Christoph. Nichts mehr, als was Ihnen gefällt; das übrige lassen Sie mir. Hören Sie nur, wie es zuging. Man fragte mich nach Ihrem Namen, Stande, Vaterlande, Verrichtungen; ich ließ mich nicht lange bitten, ich sagte alles, was ich davon wußte; das ist: ich sagte, ich wüßte nichts. Sie können leicht glauben, daß diese Nachricht sehr unzulänglich war, und daß man wenig Ursache hatte, damit zufrieden zu sein. Man drang also weiter in mich; allein umsonst! Ich blieb verschwiegen, weil ich nichts zu verschweigen hatte. Doch endlich brachte mich ein Geschenk, welches man mir anbot, dahin, daß ich mehr sagte, als ich wußte; das ist: ich log.
Der Reisende. Schurke! ich befinde mich, wie ich sehe, bei Euch in feinen Händen.
Christoph. Ich will doch nimmermehr glauben, daß ich von ohngefähr die Wahrheit sollte gelogen haben?
Der Reisende. Unverschämter Lügner, Ihr habt mich in eine Verwirrung gesetzt, aus der—
Christoph. Aus der Sie sich gleich helfen können, sobald Sie das schöne Beiwort, das Sie mir jetzt zu geben beliebten, bekannter machen.
Der Reisende. Werde ich aber alsdenn nicht genötiget sein, mich zu entdecken?
Christoph. Desto besser! so lerne ich Sie bei Gelegenheit auch kennen. —Allein, urteilen Sie einmal selbst, ob ich mir wohl, mit gutem Gewissen, dieser Lügen wegen ein Gewissen machen konnte? (Er zieht die Dose heraus.) Betrachten Sie diese Dose! Hätte ich Sie leichter verdienen können?

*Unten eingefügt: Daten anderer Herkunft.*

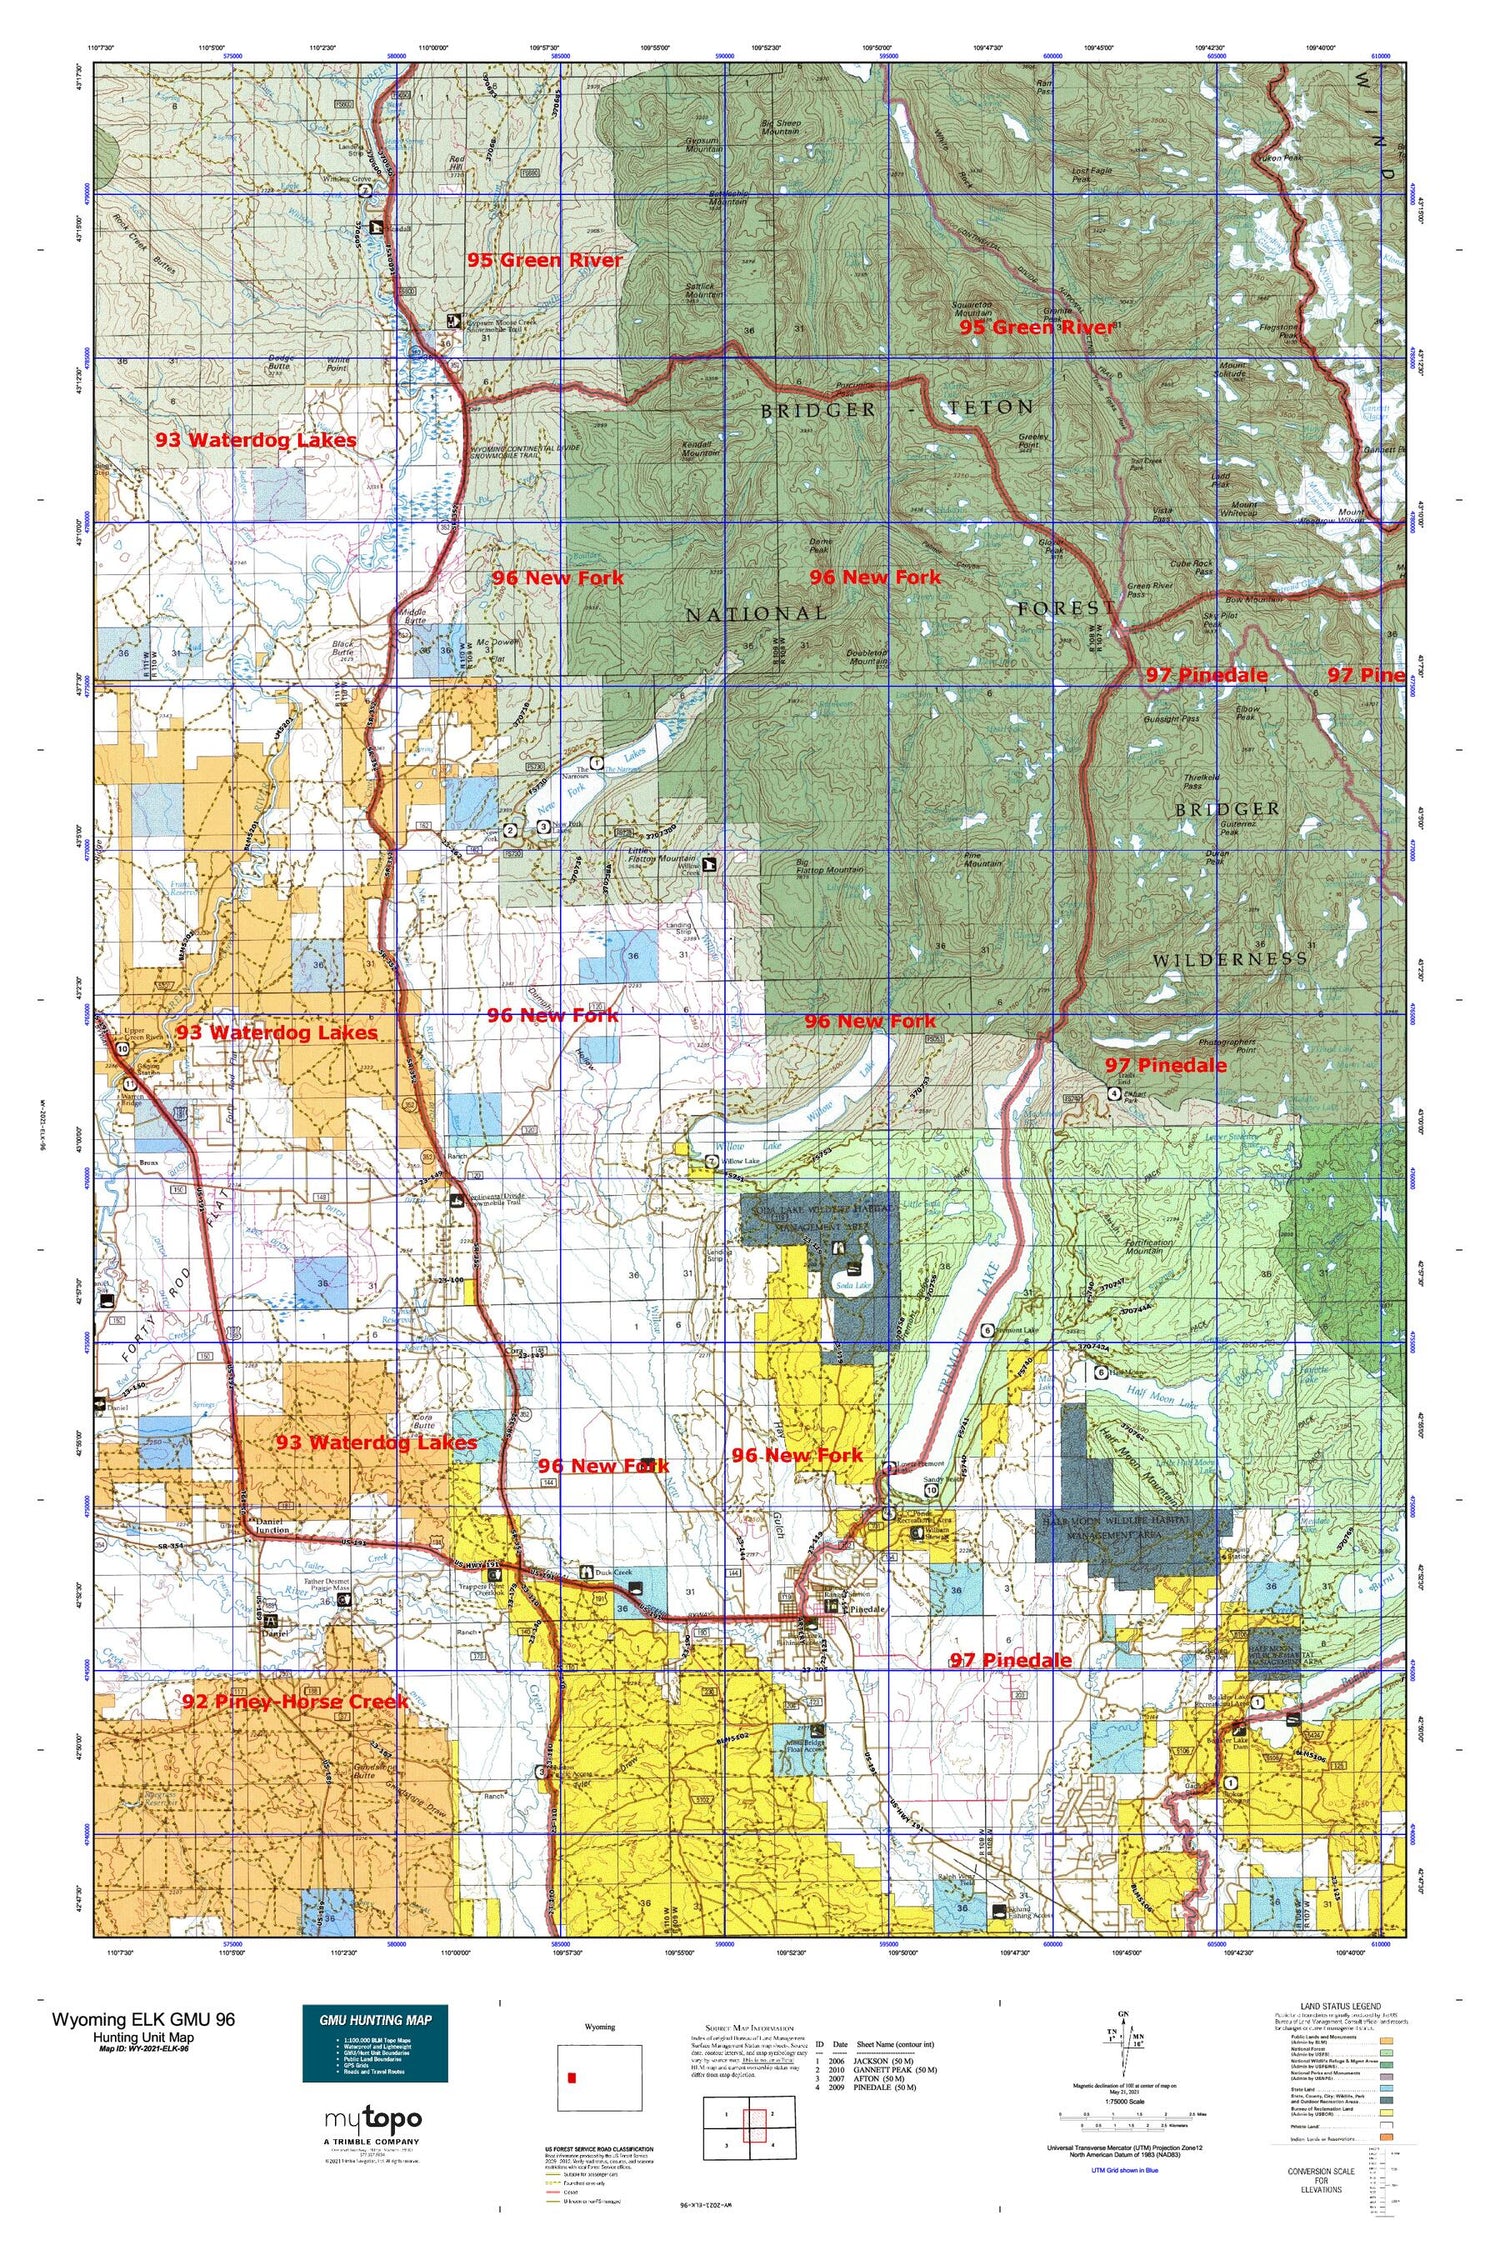 Wyoming Elk GMU 96 Map Image

Der Reisende. Zeigt mir sie doch!—(Er nimmt sie in die Hand.) Was seh ich?
Christoph. Ha! ha! ha! Das dachte ich, daß Sie erstaunen würden. Nicht wahr, Sie lögen selber ein Gesetzchen, wenn Sie so eine Dose verdienen könnten.
Der Reisende. Und also habt Ihr mir sie entwendet?